Их взгляды встретились, и на секунду Джек замедлил свои движения. Он понимал, что именно собирался сделать, и знал, что обязан остановиться. Ему хотелось предостеречь ее и себя, но она закрыла ладонью его рот.

— Не надо ничего говорить, — прошептала Элизабет.

Приподнявшись, она поцеловала его, предупреждая все его возражения. Казалось, она испугалась, что слова разрушат нечто такое, что возникло между ними.

Когда она закончила расстегивать платье, он помог ей снять его по пояс. За платьем последовала ее сорочка. И тут обнажилась ее восхитительная грудь.

— Ты прекрасна! — воскликнул он хриплым от страсти голосом, с благоговением касаясь ее груди. От его нежных касаний соски стали упругими, и он начал страстно целовать их. Элизабет ответила поцелуями с не меньшей страстью. Джек ощутил, как затрепетало все ее тело. Она изогнулась навстречу ему, изнывая от томления. Тут Джек понял, что его страсть к Элизабет превосходит все чувственные порывы, которые он когда-либо испытывал к женщинам.

Теперь он знал, что возьмет ее. Он желал ее с самого первого момента, как только увидел в городе. И теперь он не хотел останавливаться, да и не мог остановиться.

Только не сейчас.

Элизабет выскользнула из его объятий. Но, оказалось, лишь для того, чтобы снять с себя платье и нижнее белье. Затем она вернулась в постель, раскрыв ему свои объятия.

Джек ринулся к ней, и они оба забылись в страстных любовных ласках. Их влекло друг к другу чисто плотское желание, и теперь оба получали наслаждение в страстных объятиях.

Джек с удивлением отметил, что Элизабет не уступала ему в страсти.

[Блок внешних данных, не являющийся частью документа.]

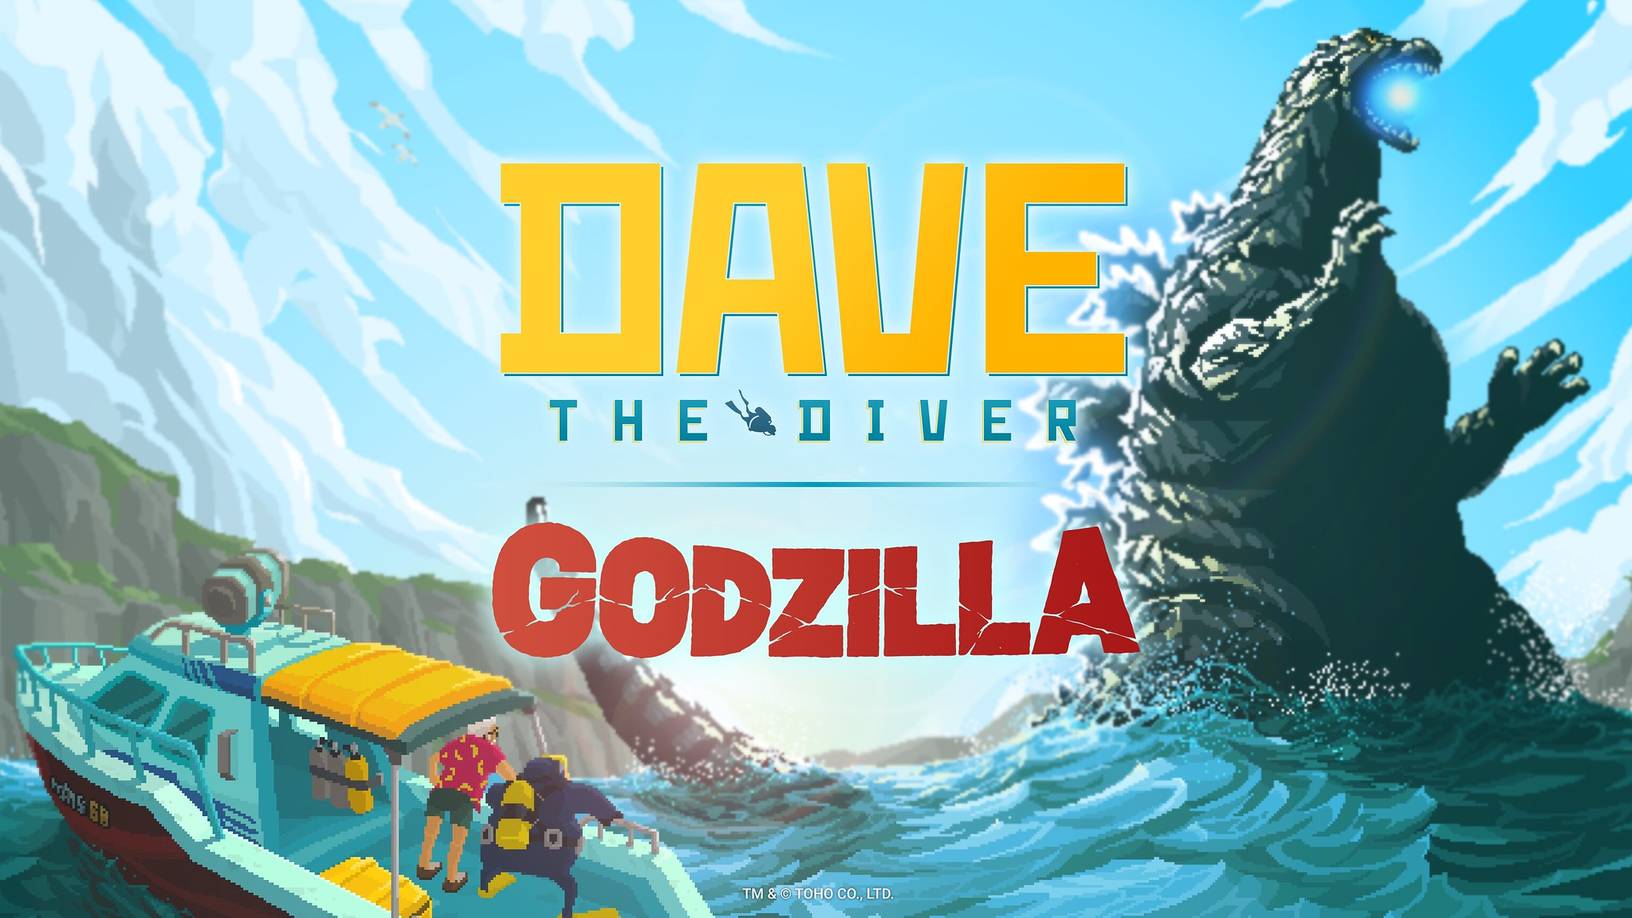 Dave the Diver confronts Godzilla

Ему казалось, что она будет вести себя застенчиво, но эта женщина оказалась самой настоящей тигрицей. Погрузившись в глубины ее тела, Джек застонал от наслаждения. Элизабет сразу же начала ритмично двигаться под ним, и он совсем потерял голову от блаженства. Ему никогда прежде и в голову не приходило, что страсть может быть такой сокрушающей, когда можно забыть обо всем на свете. Они ласкали друг друга в безумном ритме.

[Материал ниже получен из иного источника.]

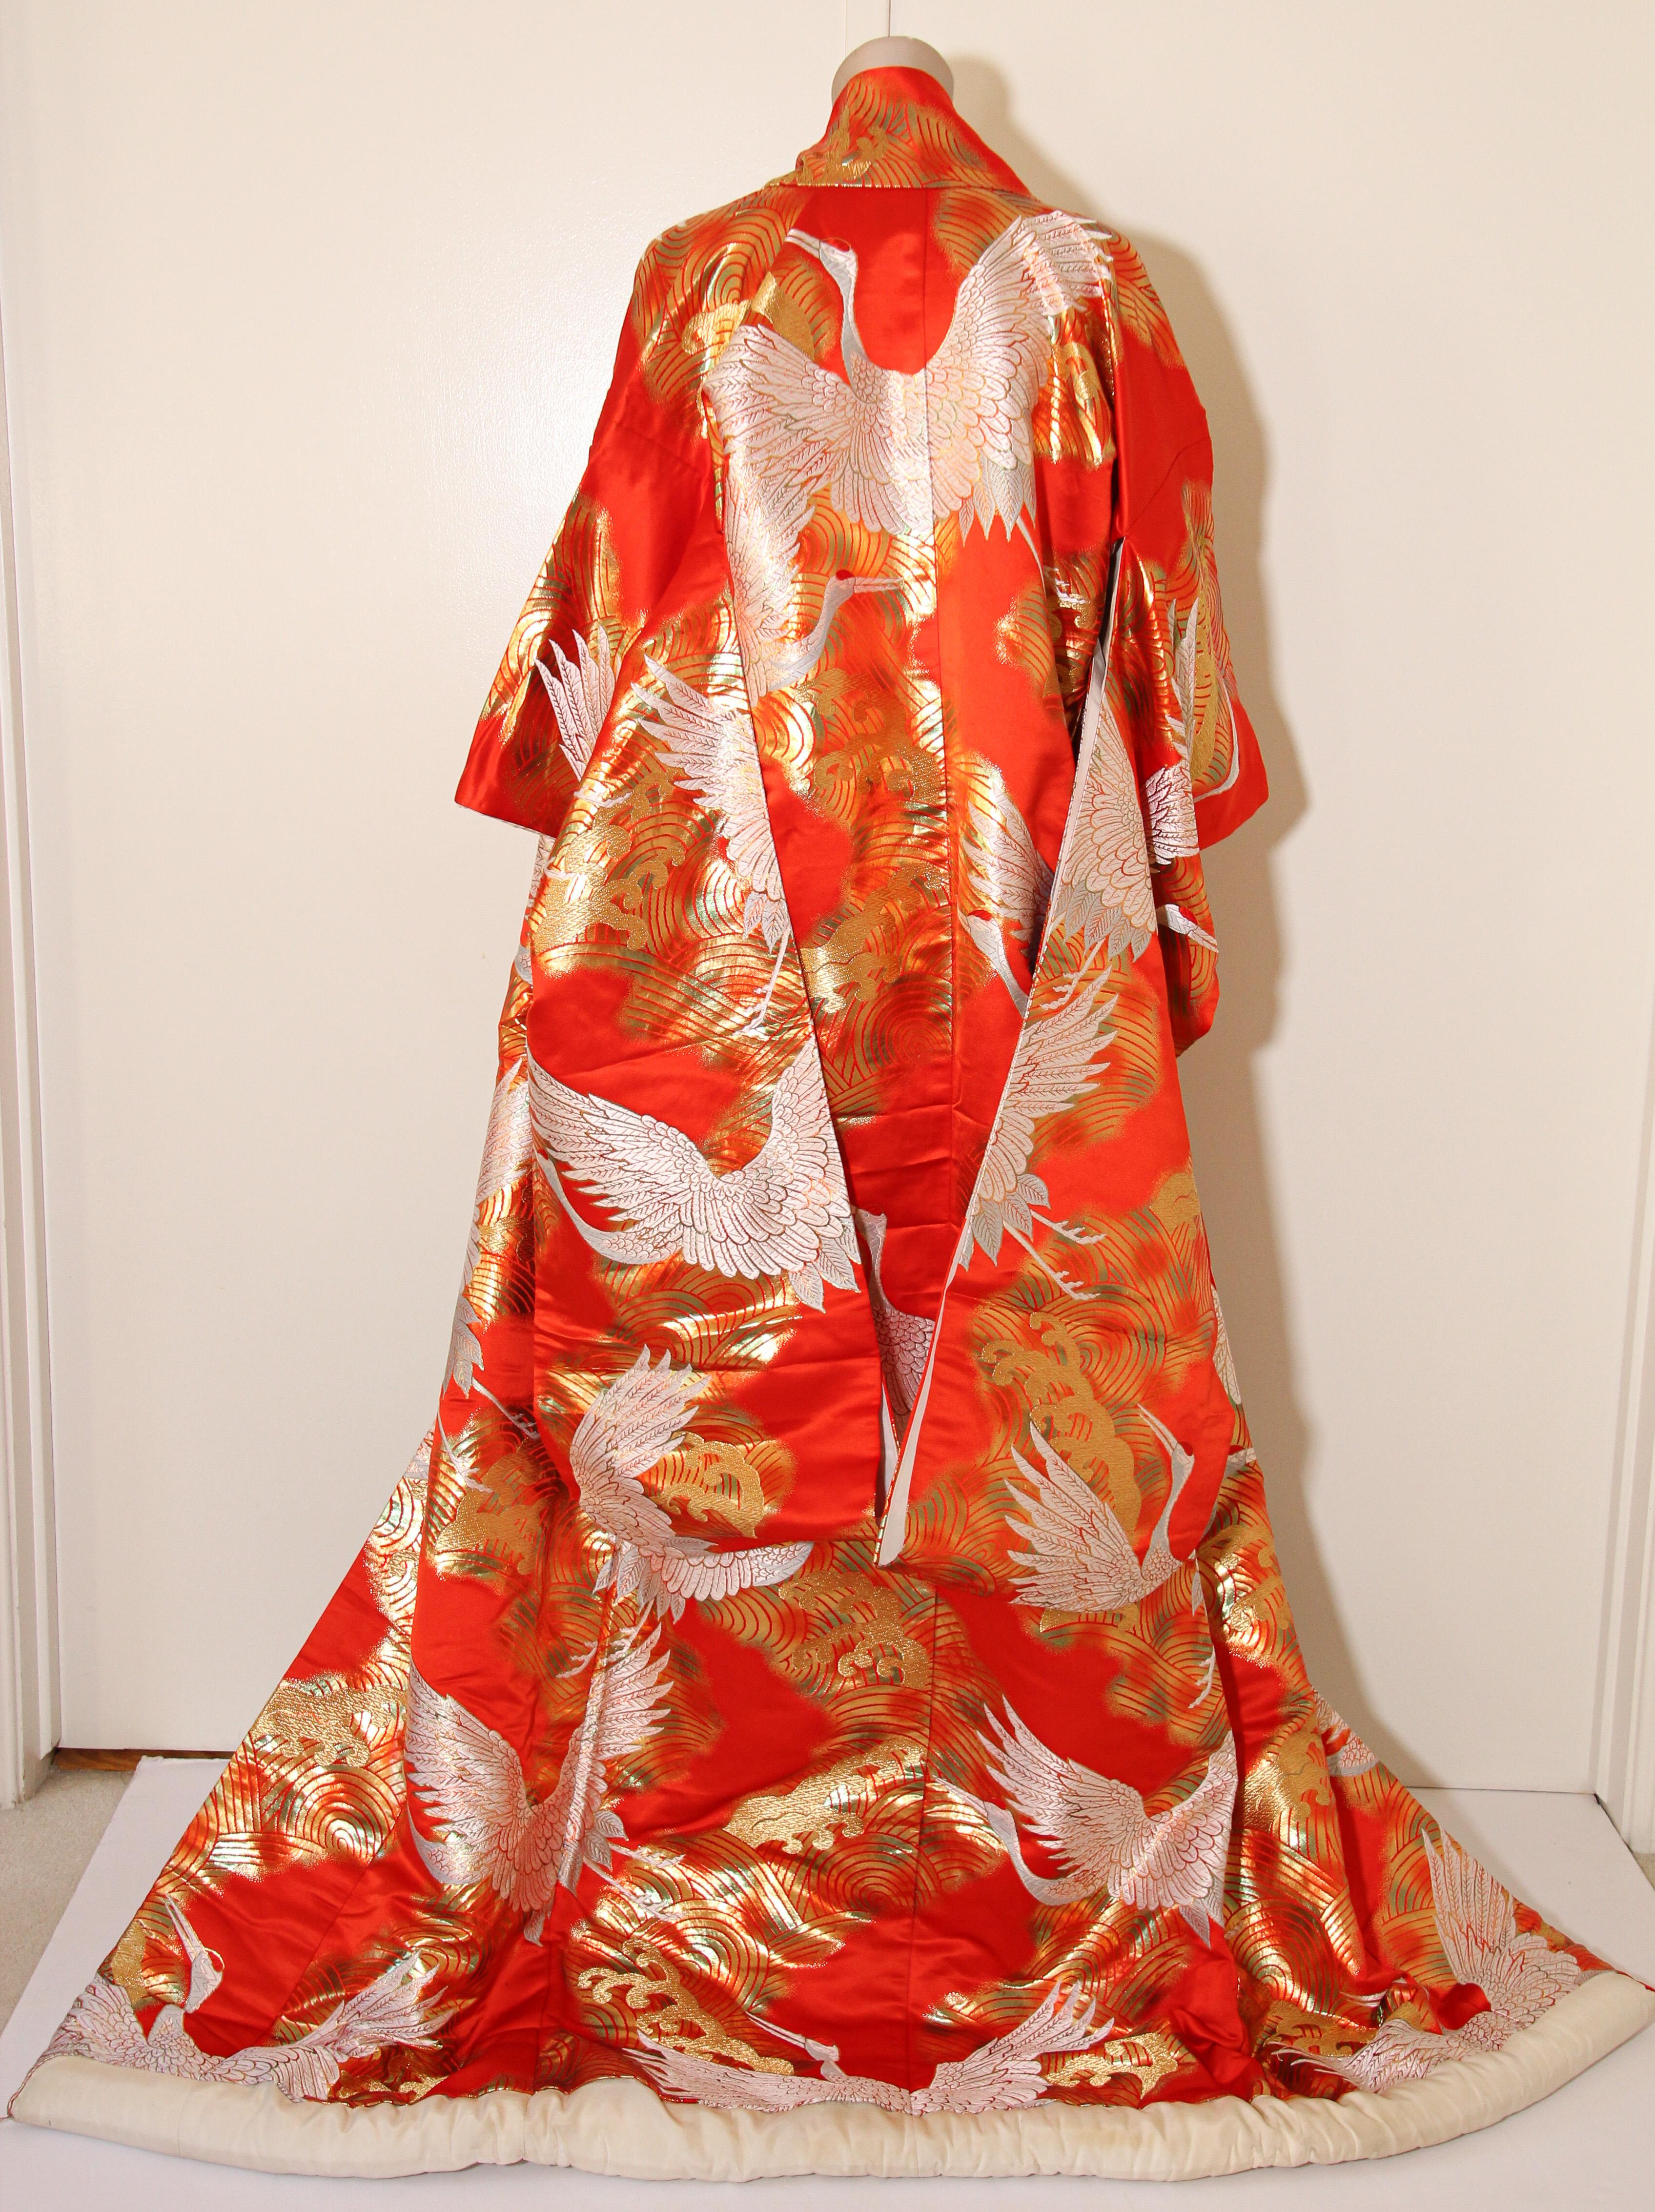 Japanese Wedding Kimono 7 For Sale On 1stdibs

И когда они, наконец, оказались на вершине блаженства, Джек поразился буйству проявления своих и ее чувств. Он не выпускал ее из своих объятий до тех пор, пока ее тело окончательно не успокоилось, и она замерла с закрытыми глазами.

Да, она желала его с такой силой, как и он ее.

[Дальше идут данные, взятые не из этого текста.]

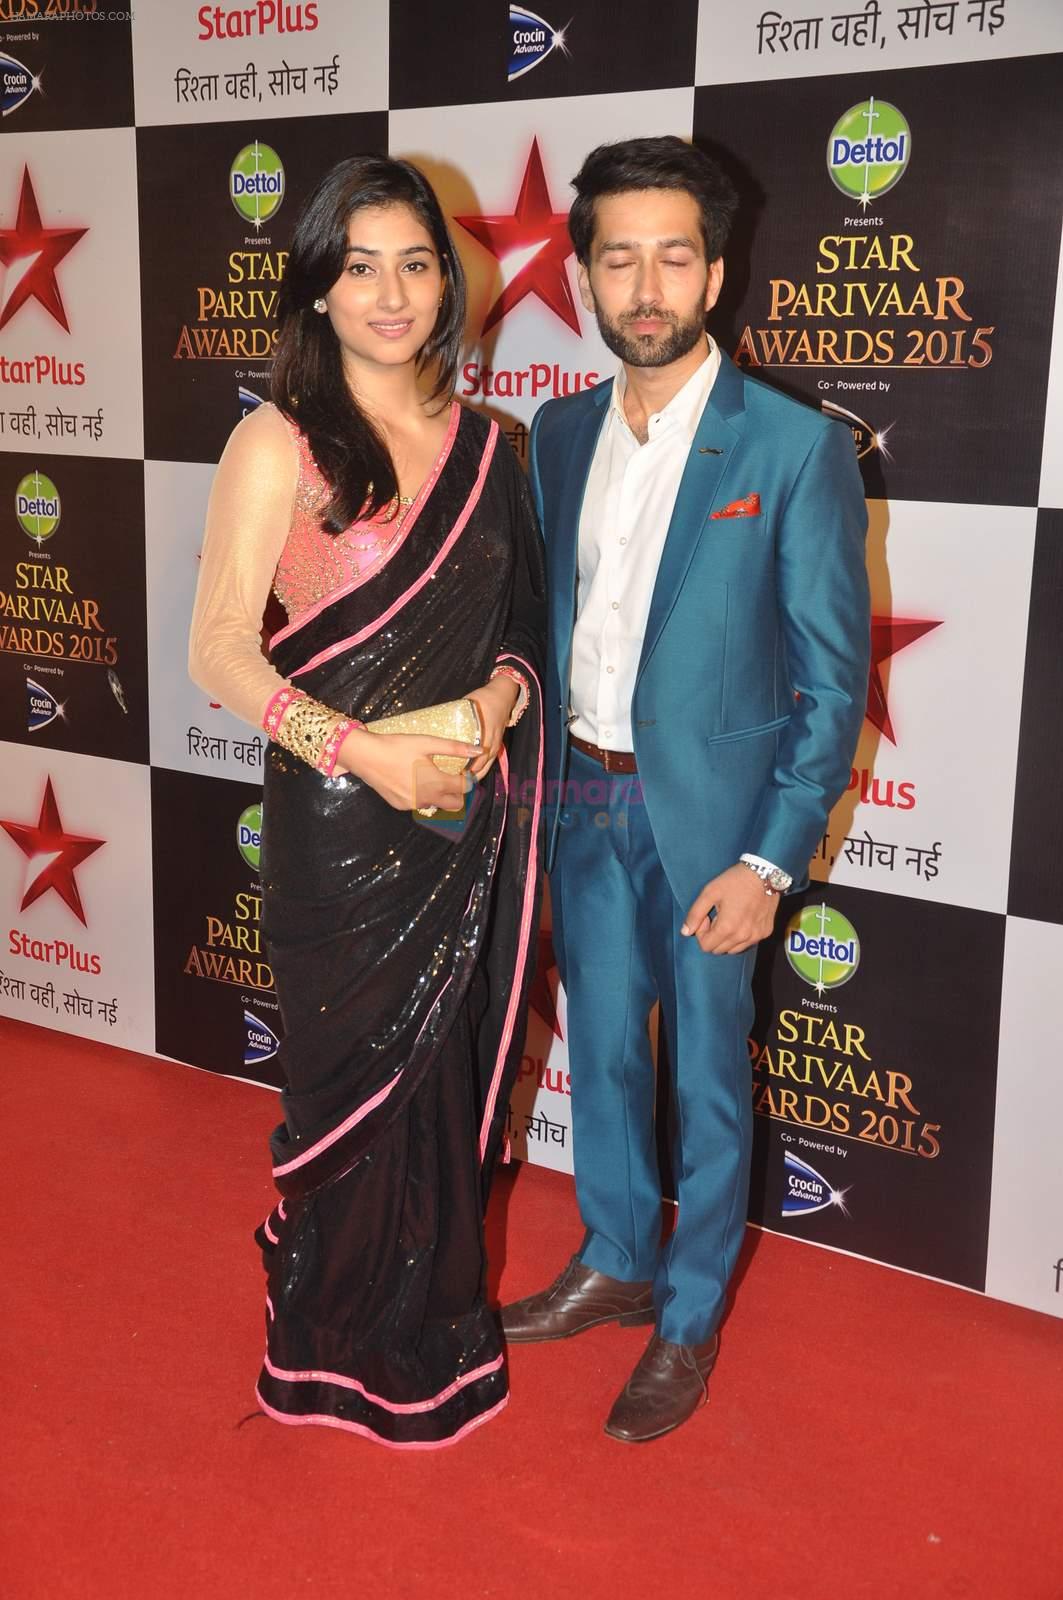 Nakuul Mehta at Star Pariwar Awards in Mumbai on 17th May 2015

Осознание этого возбуждало его, но постепенно возбуждение гасло, и к нему начала возвращаться способность трезво мыслить. И к нему пришло понимание того, что он только что натворил. Это сильно расстроило его. Джек всегда относил себя к людям высоких нравственных правил, и он еще не мог представить себе, что оказался в интимной близости с замужней женщиной, муж которой имел непосредственное отношение к его служебным делам.

Тихий плач Элизабет отвлек Джека от вызывавших досаду размышлений. Он осторожно прилег рядом с ней и попытался было извиниться за свое безрассудное поведение. Но она не позволила ему этого сделать.

— Прошу тебя, не нужно слов, — произнесла она со слезами в голосе. — Я знаю, что ты не должен был этого делать, но ты должен знать, что я никогда не пожалею об этом.

Джек с восхищением посмотрел на нее. А он-то ждал упреков и обвинений, сожаления и раскаяния…

— Ты — прекрасный, просто удивительный мужчина, Джек Логан. Надеюсь, после всего того, что произошло между нами, ты не станешь обо мне плохо думать.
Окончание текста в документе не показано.